A is partly constant and partly varies as b when A is equal to 15 B was 2 when is equal to A 45 is B equal to 8
A = n B + k
15 = 2 n + k
45 = 8 n + k
subtracting equations ... 30 = 6 n
solve for n , then substitute back to find k
To determine when B is equal to 8 when A is equal to 45, we can use the given information: "A is partly constant and partly varies as b."
Let's break down the problem step-by-step:
1. We know that when A is equal to 15, B was 2. This implies that a part of A is constant and equals 15, and the other part is proportional to B.
2. If A is partly constant and partly varies as b, we can represent it as:
A = p + q * B,
where p is the constant part and q is the proportionality constant.

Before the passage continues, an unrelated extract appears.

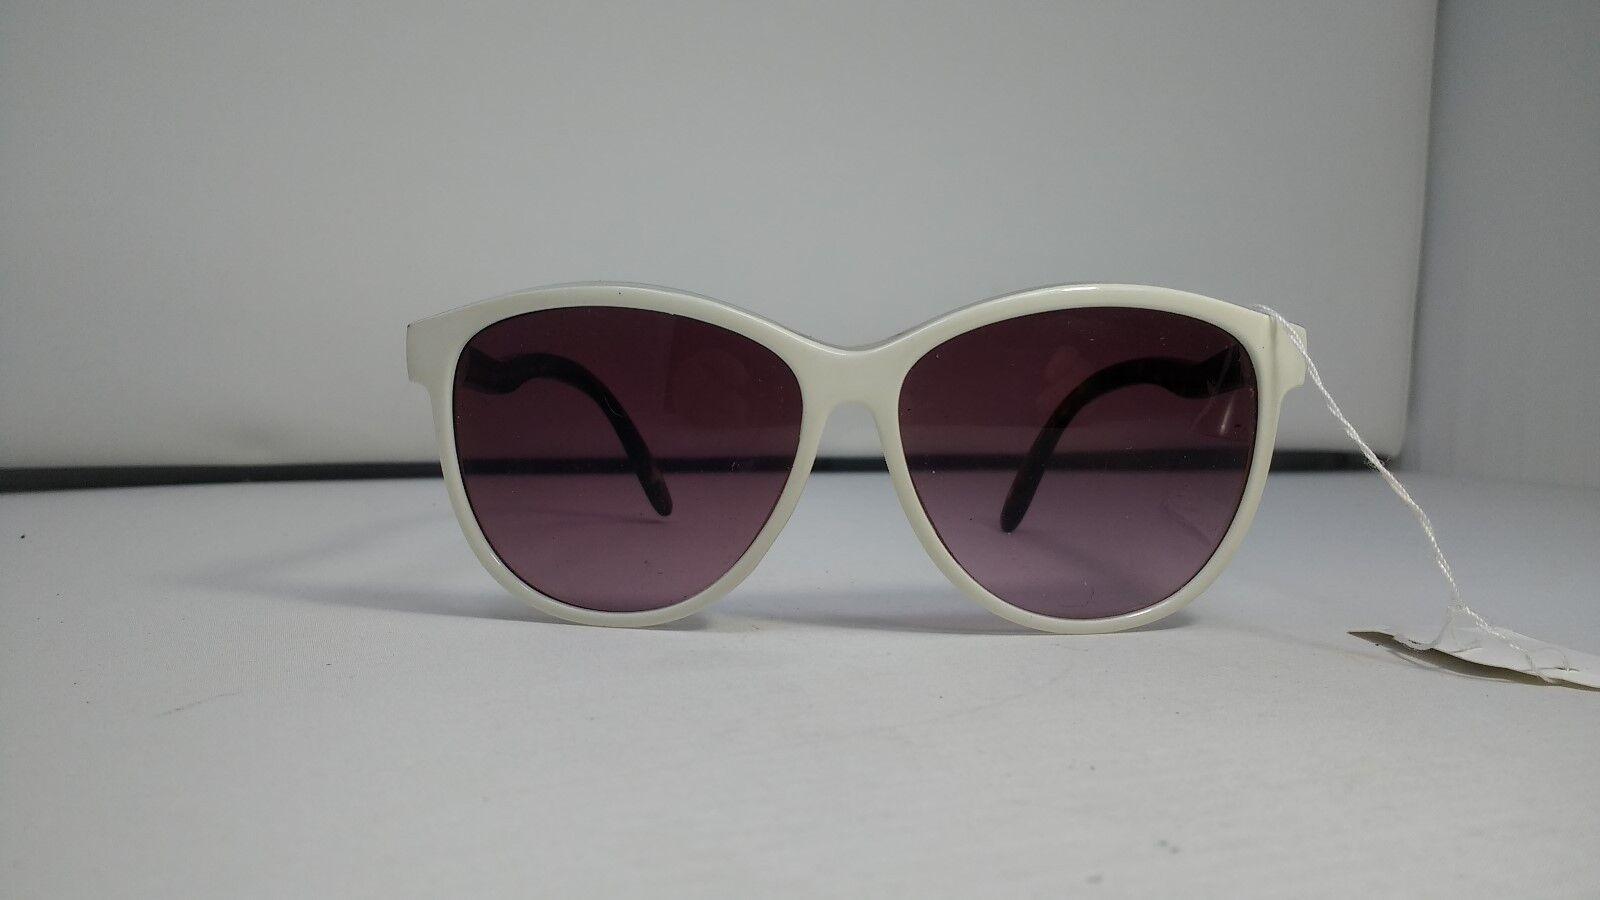 Betsey Johnson Sunglasses BJ213 82 WHITE TORTOISE 58-14-142 2392

3. We know that when A is 15, and B is 2, then we can substitute these values into the equation:
15 = p + q * 2.
4. Now, let's determine the values of p and q. We can rearrange the equation from step 3 to solve for either p or q. Let's rearrange it to solve for p:
p = 15 - q * 2.
5. With the equation from step 4, let's substitute A = 45 and solve for q:
45 = (15 - q * 2) + q * B.
Simplify the equation:
45 = 15 - q * 2 + q * 8.
Rearrange the equation to isolate q:
45 - 15 = q * 8 - q * 2.
30 = q * (8 - 2).
30 = q * 6.
Divide both sides by 6 to solve for q:
q = 30 / 6 = 5.
6. Now that we have found the value of q, we can substitute it back into the equation from step 4 to find p:
p = 15 - q * 2 = 15 - 5 * 2 = 15 - 10 = 5.
7. Therefore, when A is equal to 45, and B is 8, we have:
A = p + q * B = 5 + 5 * 8 = 5 + 40 = 45.
B = 8.
So when A is 45, B is also equal to 8.
To solve this problem, we need to find the relationship between A and B.

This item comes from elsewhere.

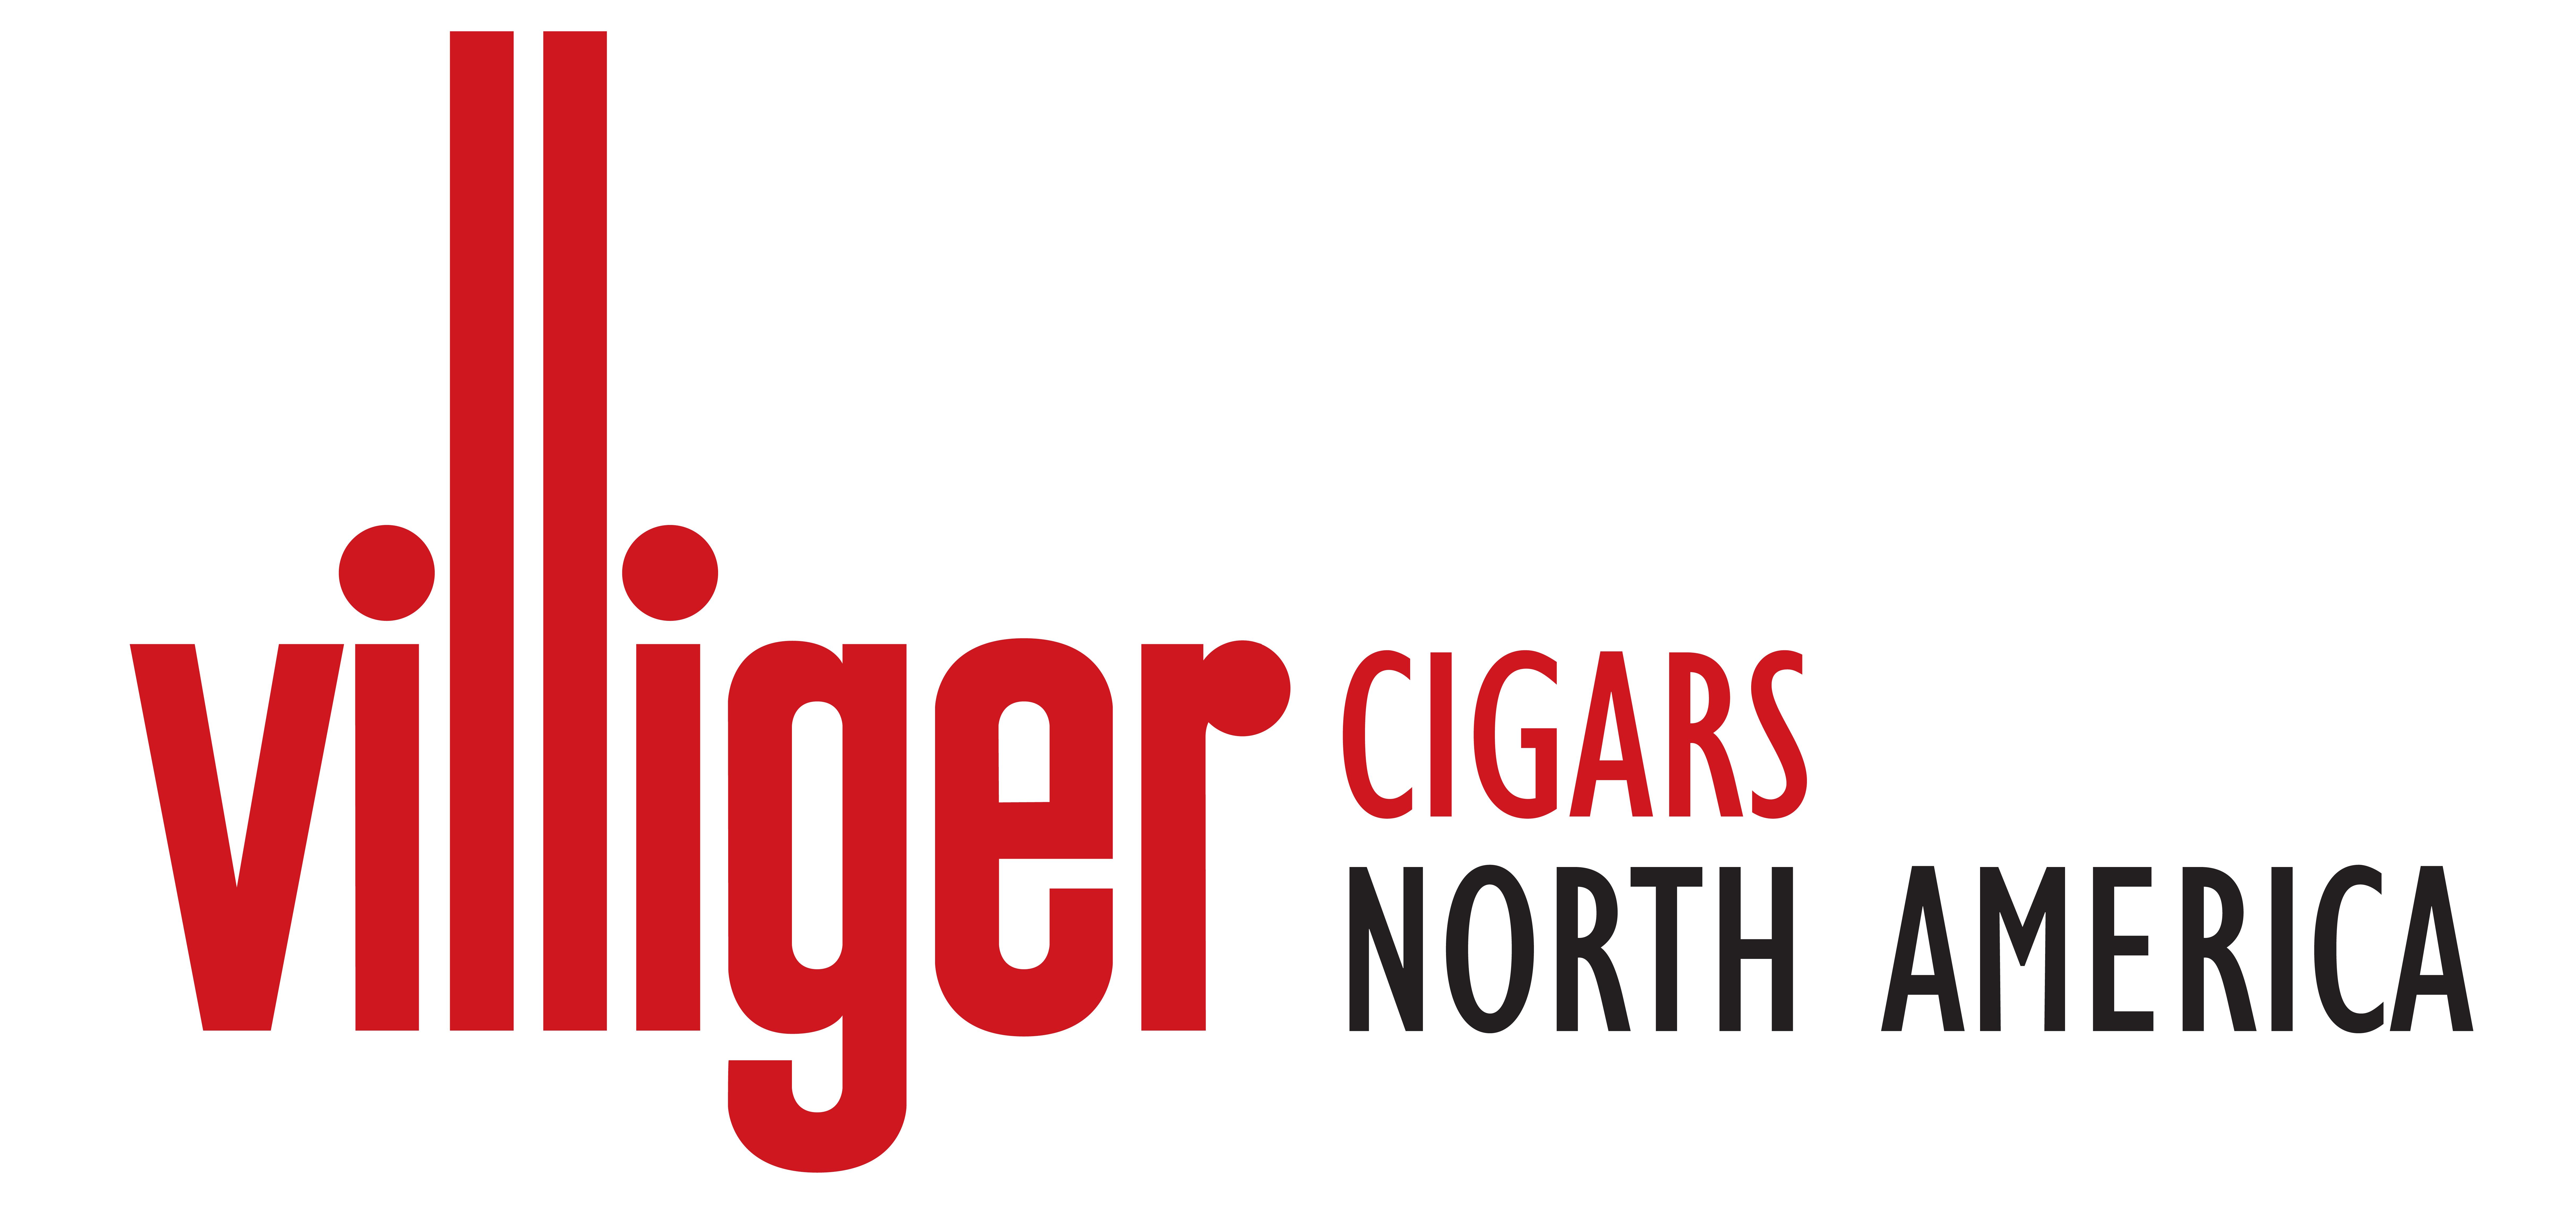 Cigar News: Villiger Cigars North America Will Not Attend 2019 IPCPR Trade Show

We are given that A is partly constant and partly varies as B. This means that there is a constant term (let's call it C) that is added to a term that is directly proportional to B.
Mathematically, we can express this relationship as:
A = C + K * B
where C is the constant term and K is the proportionality constant.

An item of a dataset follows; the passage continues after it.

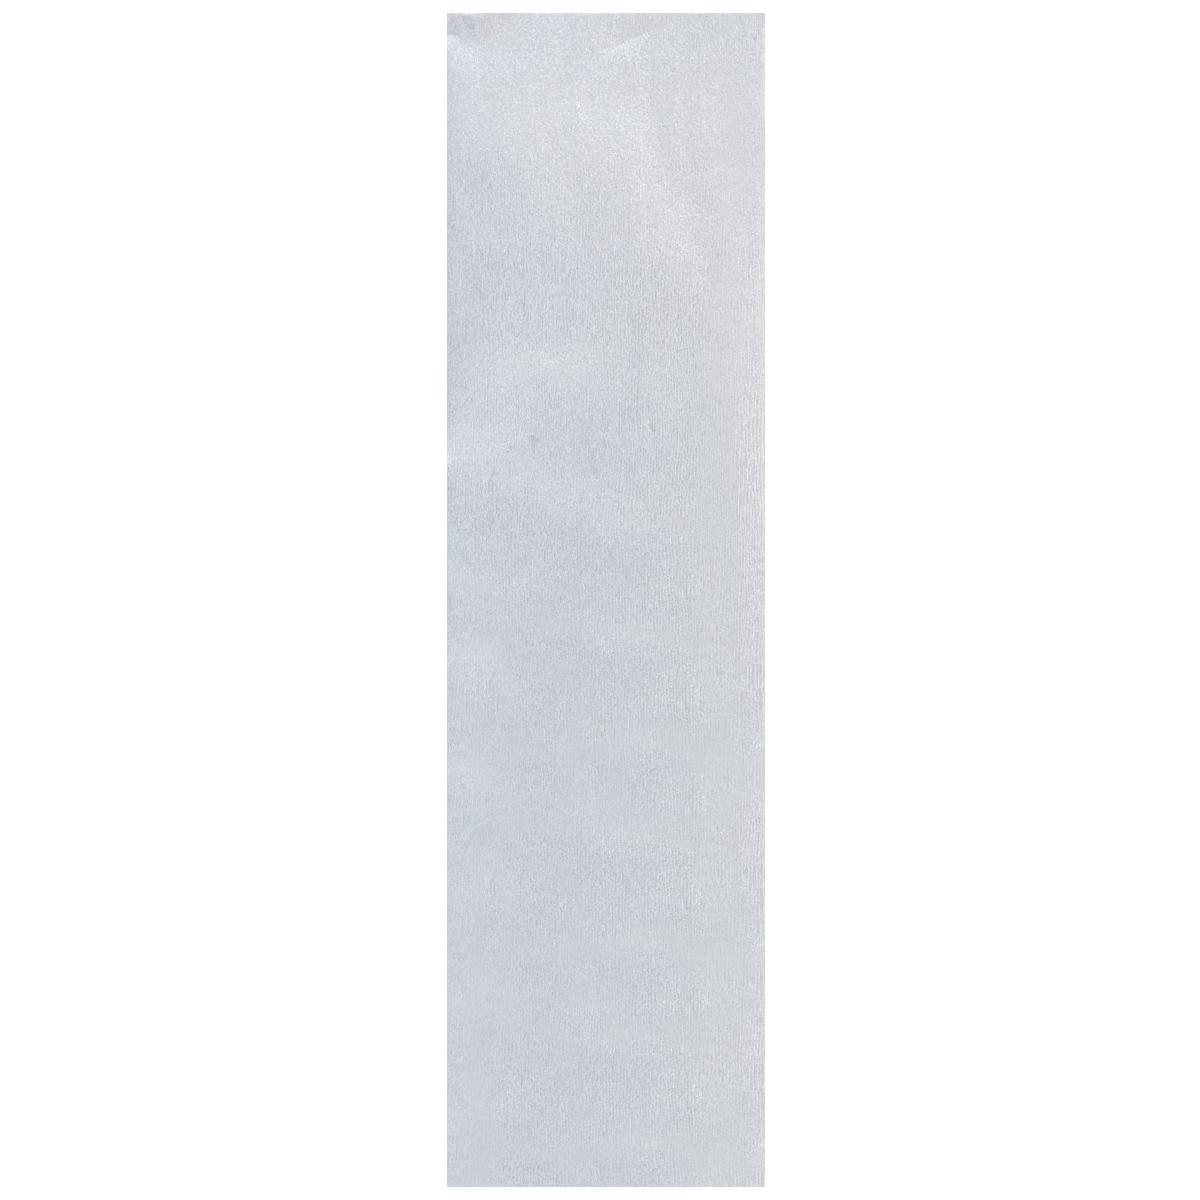 Бумага крепированная Проф-Пресс, металлизированная, цвет: серебристый, 50 х 250 смБ-2303Крепированная металлизированная бумага Проф-Пресс - отличный вариант для воплощения творческих идей не только детей, но и взрослых. Она отлично подойдет для упаковки хрупких изделий, при оформлении букетов, создании сложных цветовых композиций, для декорирования и других оформительских работ. Бумага обладает повышенной прочностью и жесткостью, хорошо растягивается, имеет жатую поверхность. Кроме того, металлизированная бумага Проф-Пресс поможет увлечь ребенка, развивая интерес к художественному творчеству, эстетический вкус и восприятие, увеличивая желание делать подарки своими руками, воспитывая самостоятельность и аккуратность в работе. Такая бумага поможет вашему ребенку раскрыть свои таланты.

Now, we are given two specific points on this relationship: when A is equal to 15, B was 2, and when A is equal to 45, B is 8.
Let's use these points to find the values of C and K.
When A is equal to 15 and B is equal to 2, we can substitute these values into the relationship equation:
15 = C + K * 2
Similarly, when A is equal to 45, and B is equal to 8:
45 = C + K * 8
Now, we have a system of two equations:
15 = C + 2K
45 = C + 8K
To solve this system of equations, we can use the method of substitution or elimination. Let's use the method of substitution.
From the first equation, we can isolate C:
C = 15 - 2K
Substituting this value of C into the second equation:
45 = (15 - 2K) + 8K
Simplifying:
45 = 15 + 6K
30 = 6K
K = 5
Now, we can substitute this value of K back into the first equation to find C:
15 = C + 2 * 5
15 = C + 10
C = 5
So, the constant term C is equal to 5, and the proportionality constant K is equal to 5.
Finally, we can use these values to find B when A is equal to 45:
A = C + K * B
45 = 5 + 5 * B
Solving for B:
40 = 5B
B = 8
Therefore, when A is equal to 45, B is equal to 8.